### Given material
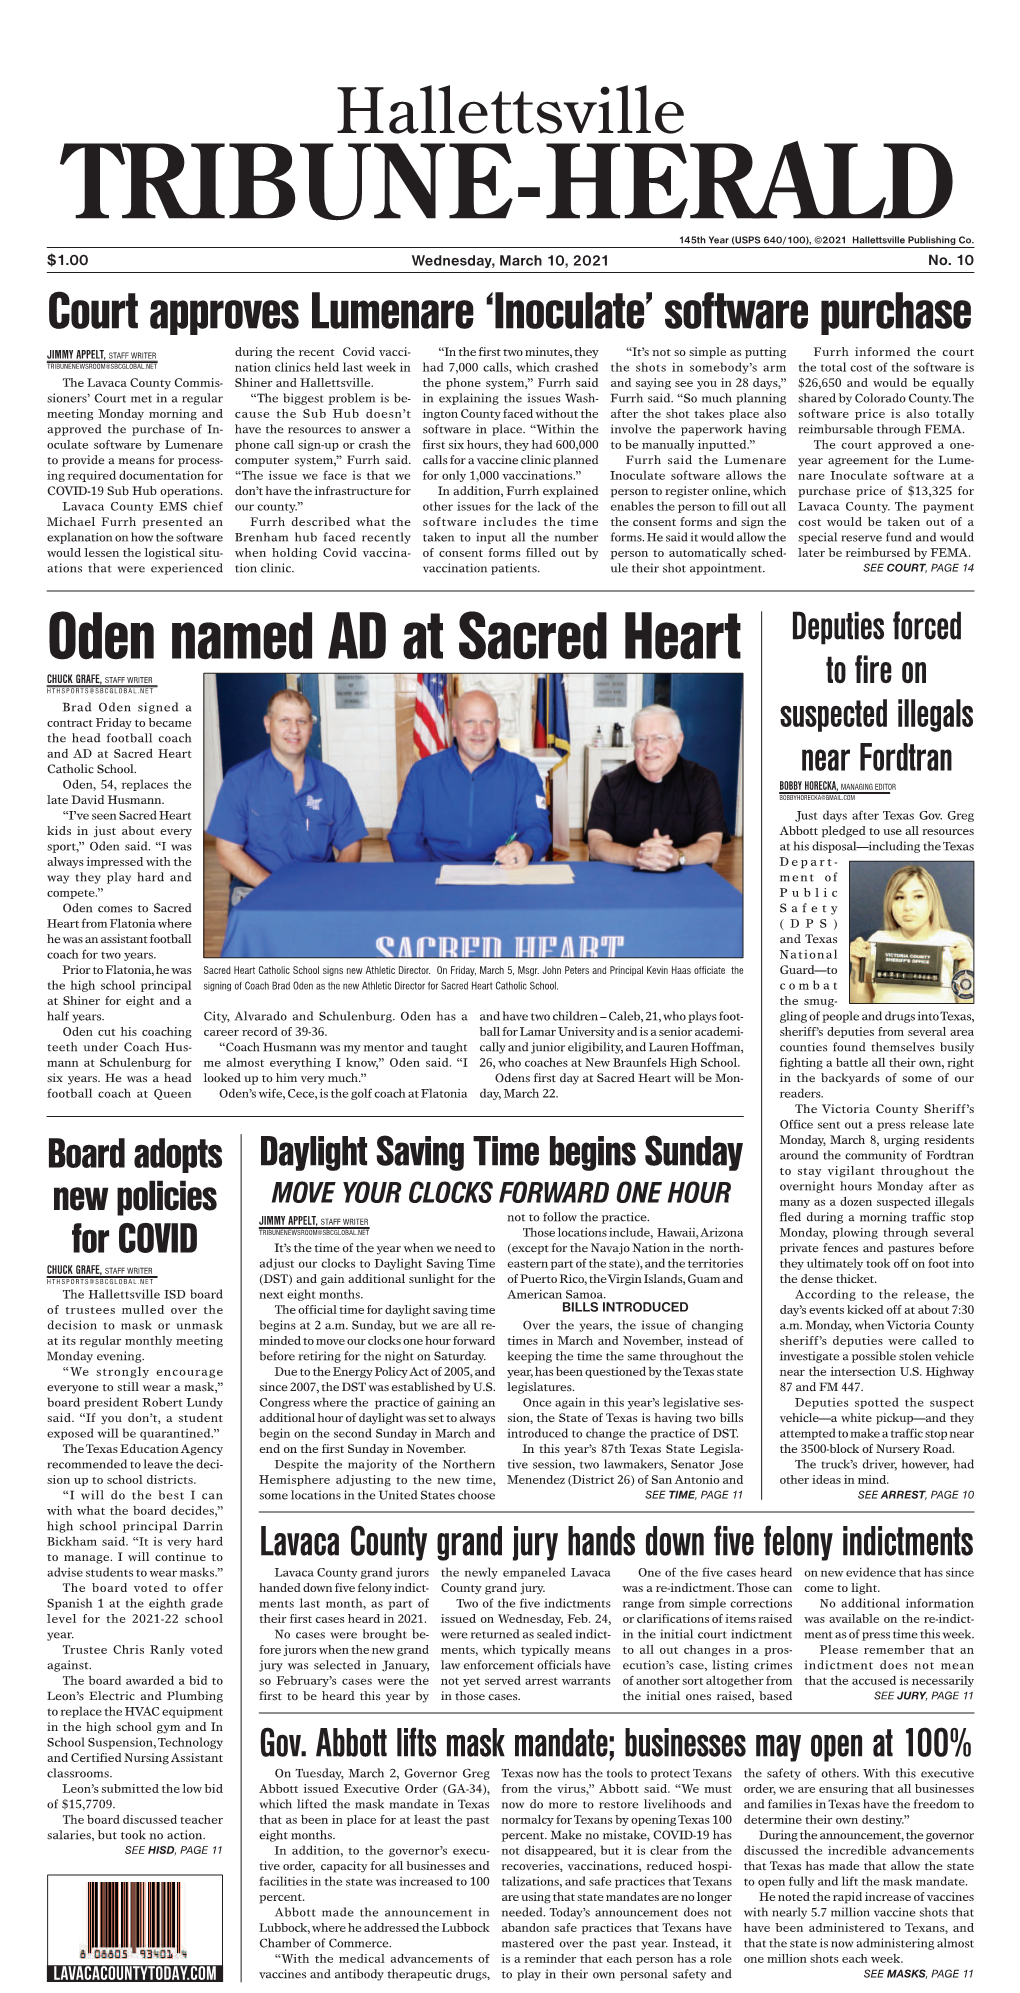 Oden Named AD at Sacred Heart
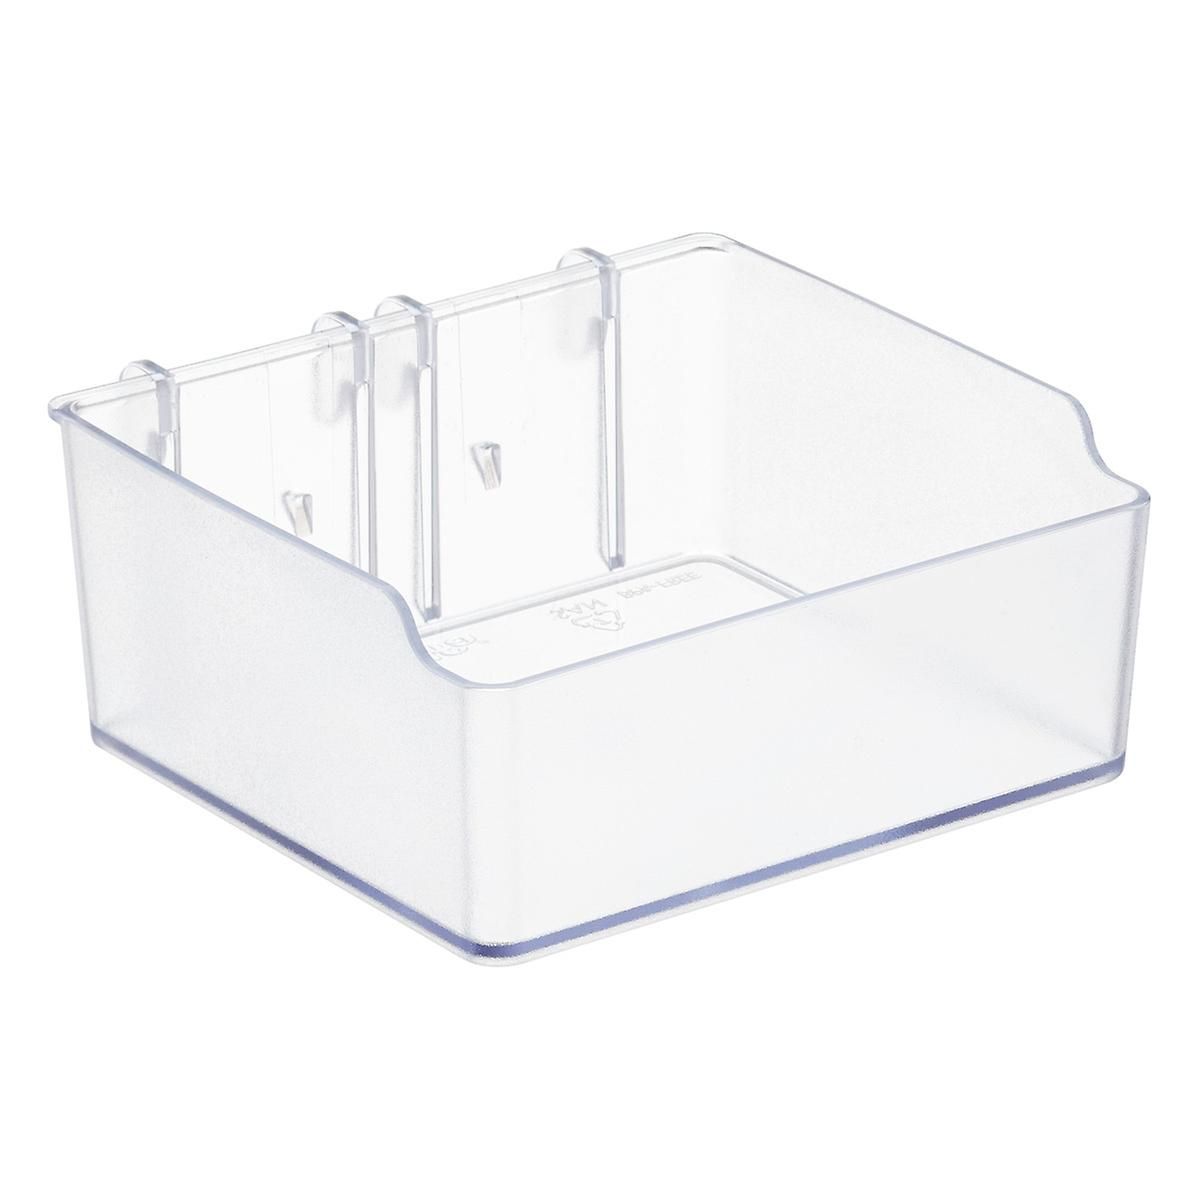 Elfa Utility Narrow Board Box Translucent | The Container Store
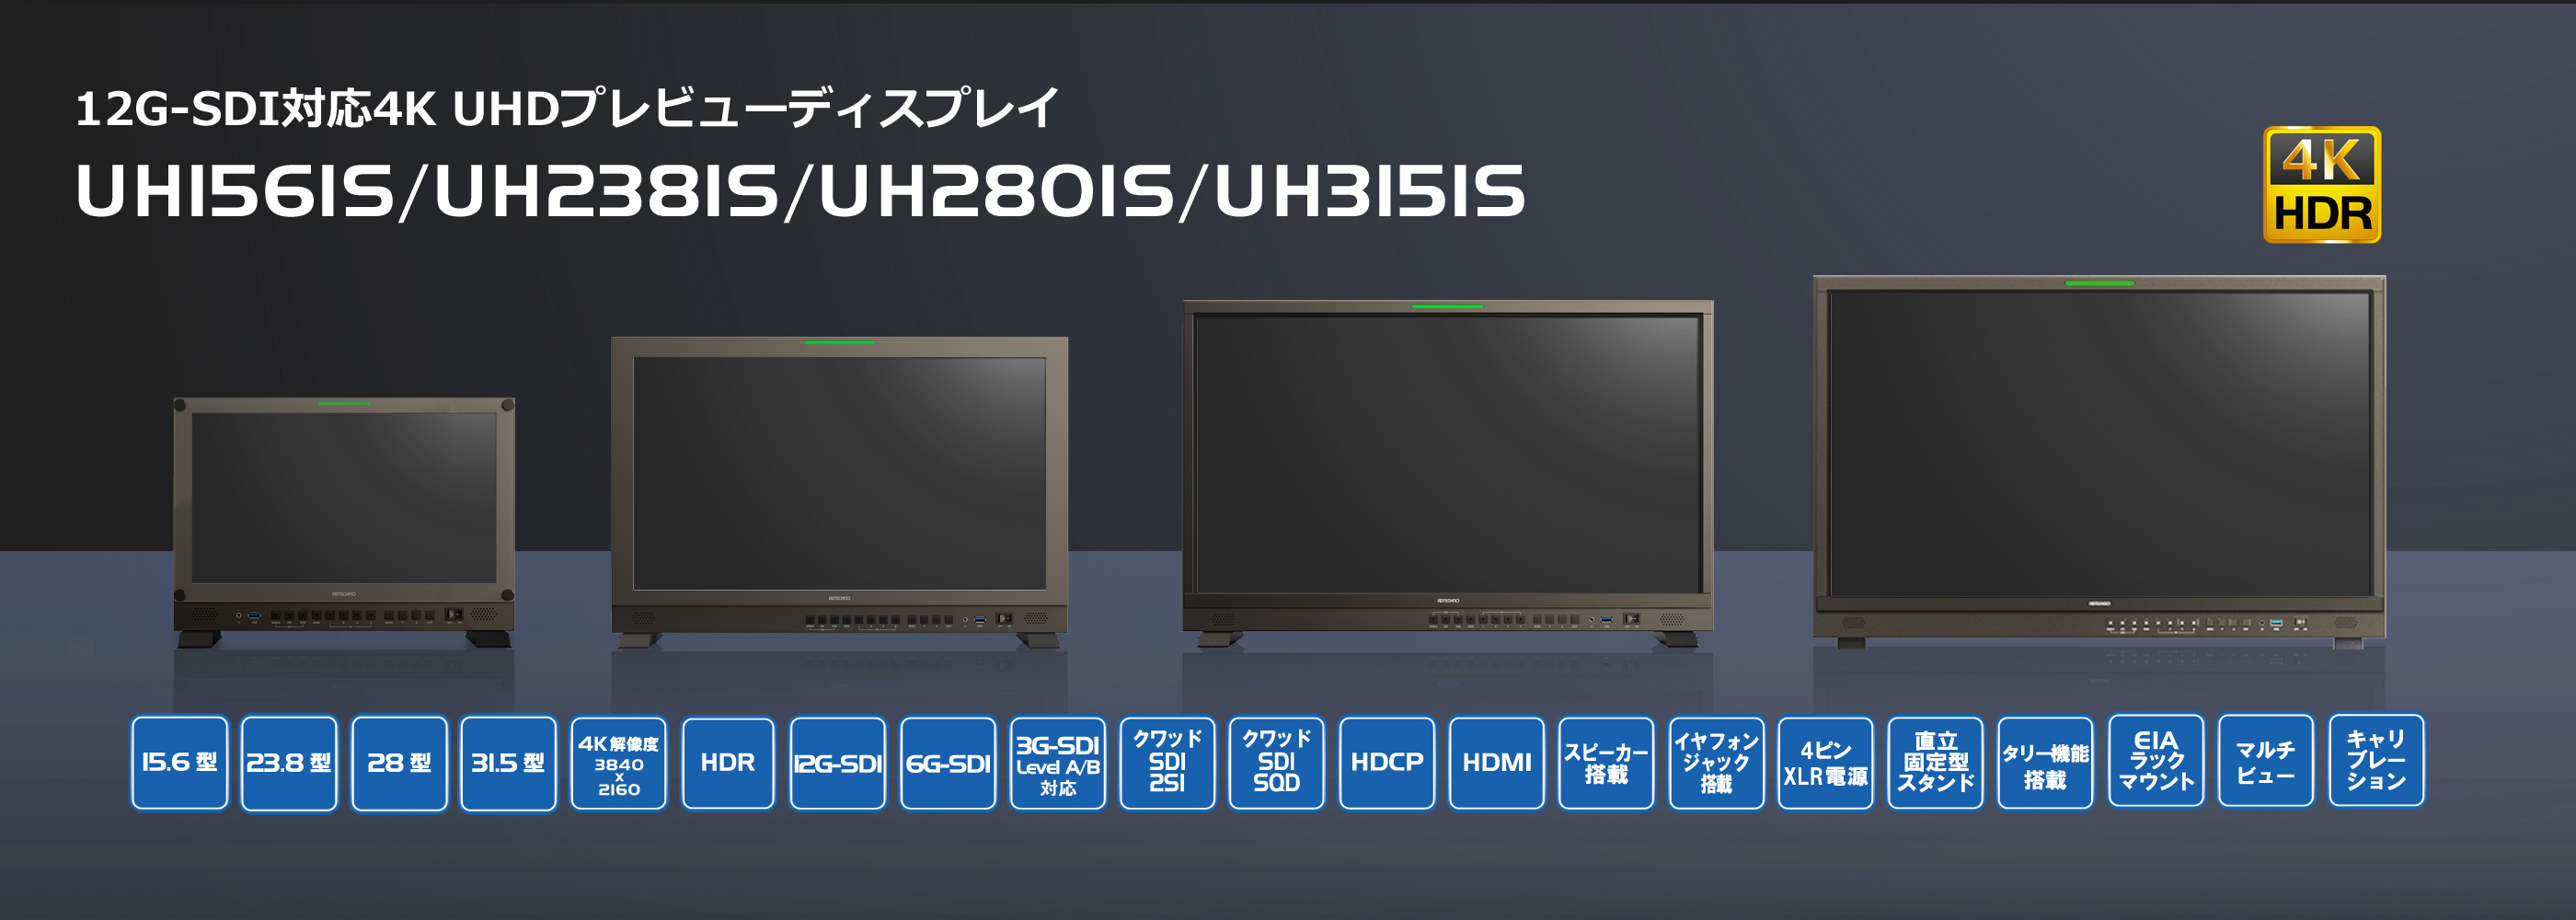 12G-SDI対応4K UHDプレビューディスプレイ 15.6型、23.8型、28.0型、31.5型
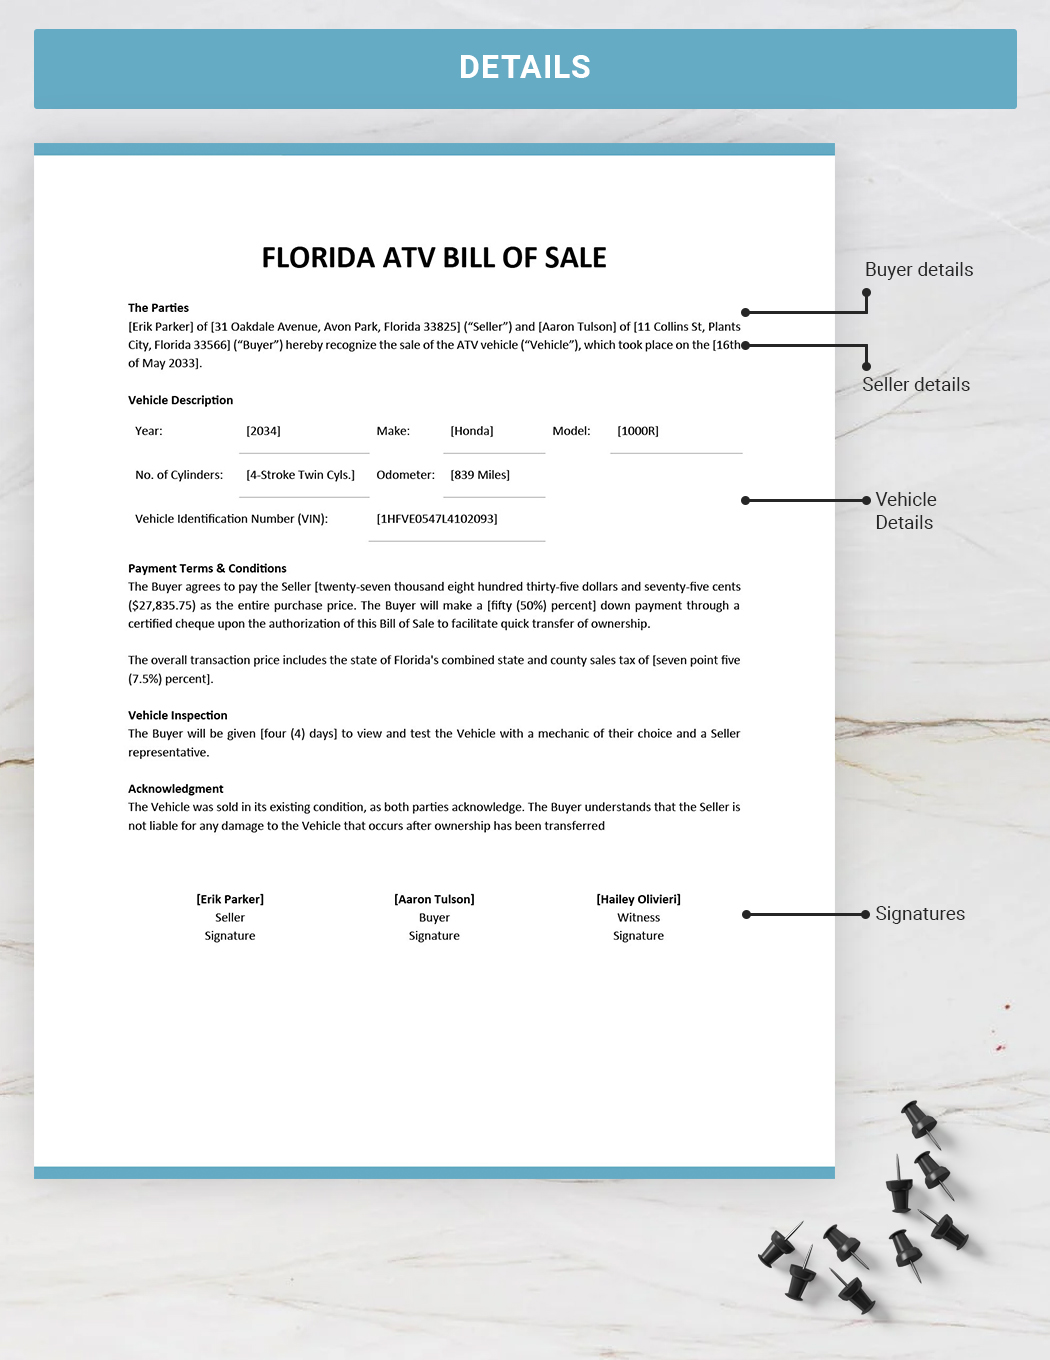 Florida ATV Bill of Sale Template

### Task details
All lines from the line containing "Elfa Utility Narrow" through the end of the listing above are to be given again exactly; pictures are not part of the copy.

### Answer for the task
 Elfa Utility Narrow Board Box Translucent | The Container Store
 12G-SDI対応4K UHDプレビューディスプレイ 15.6型、23.8型、28.0型、31.5型
 Florida ATV Bill of Sale Template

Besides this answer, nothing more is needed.